Saturday, March 23, 2013

The Kids Are Totally Not Alright...



Lord of the Flies
by William Golding
p. 1954



When I mentioned my latest literary venture, several people remarked how shocking it was that I had not read William Golding’s quintessential young adult novel years ago, and I agree. It’s rather unbelievable that this book skirted by my required reading lists for so long, so I finally gave it a go, so as to dispel any incorrect notions I may have gathered about it over the years.

I would garner that few people are unaware of the basic premise of Lord of the Flies. Most people, myself among them, are aware that it centers on a group of boys stranded on an island who go a little... savage without adult supervision. However, I think there is a tendency to describe it as an adventure novel or a story of survival and at its heart that is just not what Lord of the Flies is about. Rather, it is a story of the loss of childhood innocence, the corruptibility of mankind, and the total breakdown of ethics in the absence of culture... and I would wager that it is actually inappropriate for most grade school children as reading material, despite focusing on a group of characters under the age of 13. Lord of the Flies may star kids, but it is not really about kids, per se.

Ralph is the protagonist of the book, one of the oldest kids on the island at twelve, but still the embodiment of childlike innocence at story’s start. I thought him a bit bratty at first, refusing to call portly, asthmatic ‘Piggy’ by his real name and allowing the cruel nickname to become the standard among the other boys (and even to the reader, to whom the bespectacled Piggy’s true name is never revealed). But watching Ralph struggle with the responsibilities that are bestowed upon him and the unchaperoned quick flight into adulthood that is forced on him makes his earlier faults disappear. Whoever the boys were before they landed on the uninhabited island, it doesn’t matter. All that matters is who they choose to be going forward, and if there’s one thing that Lord of the Flies teaches us, it’s that there is no going back.

I found Piggy and Simon much more interesting characters, but especially poor Simon. Whereas Piggy represented the logic and rationale of adulthood, it was little Simon alone who possessed a true understanding of their situation, even if he didn’t know it, first suggesting that the ‘beast’ they all feared and hunted was perhaps only themselves, and later prophesying that Ralph would make it off the island, subtly suggesting that he would not be there with him. Ironically, Simon, though he is the least ‘beastlike’ of the group and the only one who never gives in to his id, is ripped to shreds by the savage boys when he is mistaken for the beast. He is also the one who confronts the “lord of the flies” himself, a severed sow head that ‘talks’ to him, but if it can be surmised that this encounter was all in Simon’s head, then those insightful words came from the boy as well.

It’s easy to see why the other boys didn’t take to Piggy when he attempted to be heard. As a child, Piggy stands out in every way possible, and it’s easy to pick on those who are weaker and separate from the herd. As an adult reader, it was frustrating to watch Piggy and later Ralph display all the traits of a sensible adult determined to go home and be completely ignored by the mob.
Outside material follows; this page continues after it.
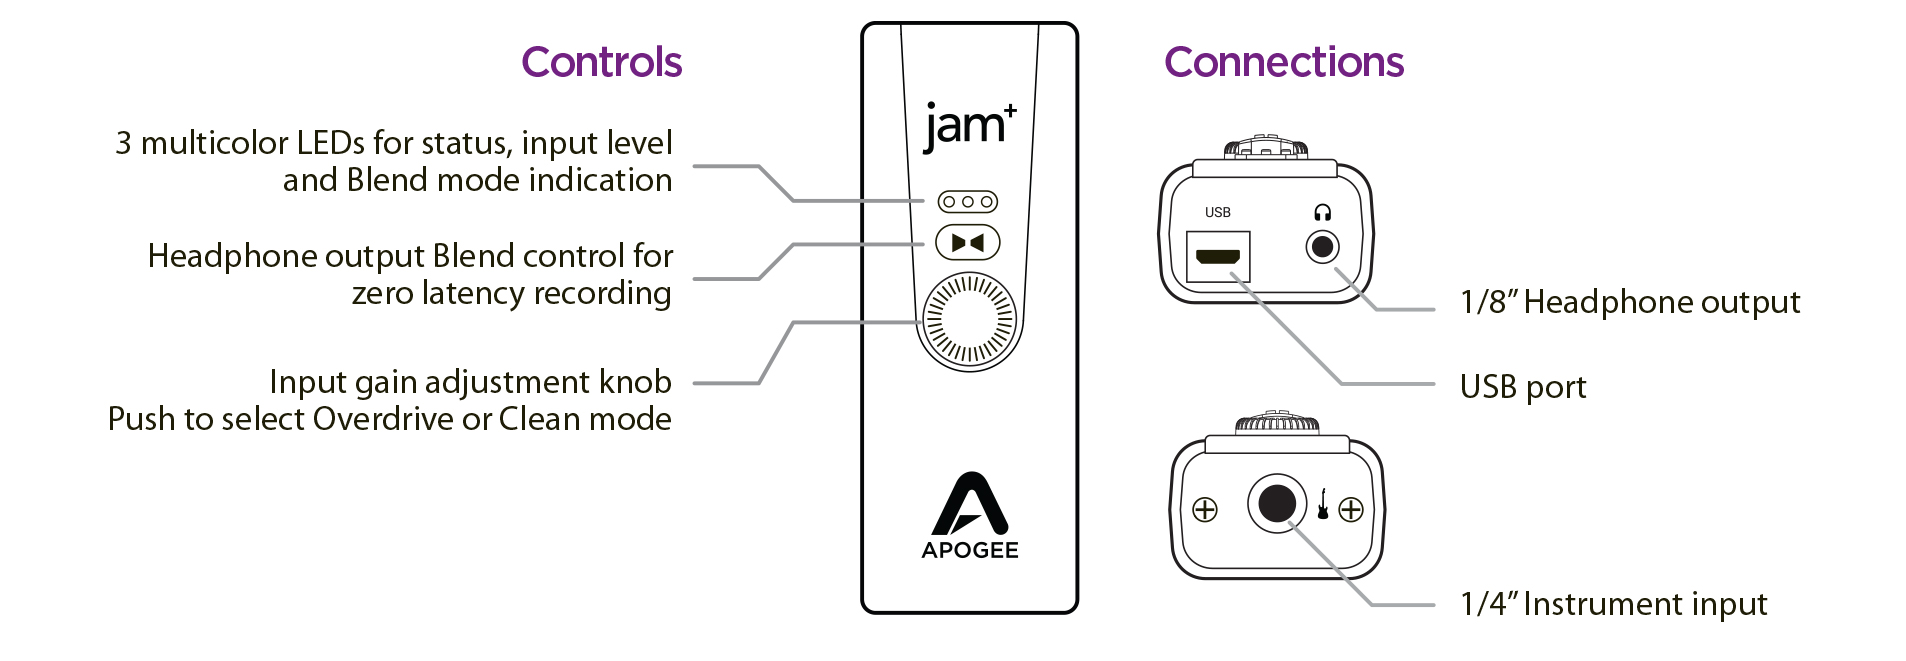 Apogee Jam Plus Product Tour

While it was frustrating though, Piggy and Simon's demises are not surprising, as they represent logic and innocence and those are some of the first things to go when society falls apart.

The more thought I give to Lord of the Flies, the more I respect it, and the more I am intrigued by it, but I can’t say I loved it or that it will have a place of honor among my collections, because while it is a curious allegory for humanity and societal breakdown (and occasionally religion, if Simon's Christlike qualities are to be acknowledged), it is altogether not a very positive outlook on humanity. I guess how you choose to read Lord of the Flies says more about the reader and their place on the optimist spectrum than it does about the way society really is. As I’d like to believe that people tend toward ‘good,’ I’d hate to imagine a group of boys descending into savagery like those on the island... but then, maybe that’s just my adherence to the existing society butting in. If all the constraints of society were removed and I had no other context to structure my life, perhaps even I might give in to ‘the beast.’

My only technical complaint about this book is that it was damn near impossible to determine who was talking at any given time, as not everyone in the book is named, dialogue isn’t consistently assigned to a speaker, and the boys generally tend towards chaos in their meetings anyhow. As I said before, I would not market this book towards grade-schoolers. Middle-schoolers might be able to comprehend it, and certainly high-schoolers, but readers below a certain age would, I feel, have a hard time coming to terms with the complex themes. It is an awfully dark and twisted story, after all. I could go on about the themes and wisdom behind this book, but I wouldn’t be saying anything an English teacher hasn’t said a million times over, so I’ll leave it there.